Search the listing for the string "User" and copy every line that contains it.

◇ ◇ ◇

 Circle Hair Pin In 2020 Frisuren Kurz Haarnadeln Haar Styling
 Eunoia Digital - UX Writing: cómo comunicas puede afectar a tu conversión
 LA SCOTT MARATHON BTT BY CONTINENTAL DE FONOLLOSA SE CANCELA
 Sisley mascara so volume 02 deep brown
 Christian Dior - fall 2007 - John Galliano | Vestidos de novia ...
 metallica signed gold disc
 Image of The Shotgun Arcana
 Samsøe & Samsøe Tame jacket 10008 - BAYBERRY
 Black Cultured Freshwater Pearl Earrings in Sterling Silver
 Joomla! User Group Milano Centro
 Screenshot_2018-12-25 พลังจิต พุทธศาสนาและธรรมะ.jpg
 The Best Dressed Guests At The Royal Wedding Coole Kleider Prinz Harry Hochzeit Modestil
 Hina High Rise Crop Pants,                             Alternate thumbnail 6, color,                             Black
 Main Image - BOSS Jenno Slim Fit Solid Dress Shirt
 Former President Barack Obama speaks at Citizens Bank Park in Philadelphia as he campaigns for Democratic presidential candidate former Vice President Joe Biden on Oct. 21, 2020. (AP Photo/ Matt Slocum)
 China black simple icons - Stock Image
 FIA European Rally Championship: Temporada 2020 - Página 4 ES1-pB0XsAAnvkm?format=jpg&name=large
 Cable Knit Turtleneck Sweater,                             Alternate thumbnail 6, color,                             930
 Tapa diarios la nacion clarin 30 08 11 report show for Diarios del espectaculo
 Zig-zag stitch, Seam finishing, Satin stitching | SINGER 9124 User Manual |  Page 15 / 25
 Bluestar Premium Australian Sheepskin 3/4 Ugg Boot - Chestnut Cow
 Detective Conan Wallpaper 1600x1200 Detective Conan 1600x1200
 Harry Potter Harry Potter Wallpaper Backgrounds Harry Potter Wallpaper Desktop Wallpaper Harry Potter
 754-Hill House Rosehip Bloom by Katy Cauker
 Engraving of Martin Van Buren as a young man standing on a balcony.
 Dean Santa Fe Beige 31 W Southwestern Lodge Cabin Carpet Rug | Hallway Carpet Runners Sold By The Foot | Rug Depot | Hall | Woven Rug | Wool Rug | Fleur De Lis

◇ ◇ ◇

[Response to this exercise]:
 Joomla! User Group Milano Centro
 Zig-zag stitch, Seam finishing, Satin stitching | SINGER 9124 User Manual |  Page 15 / 25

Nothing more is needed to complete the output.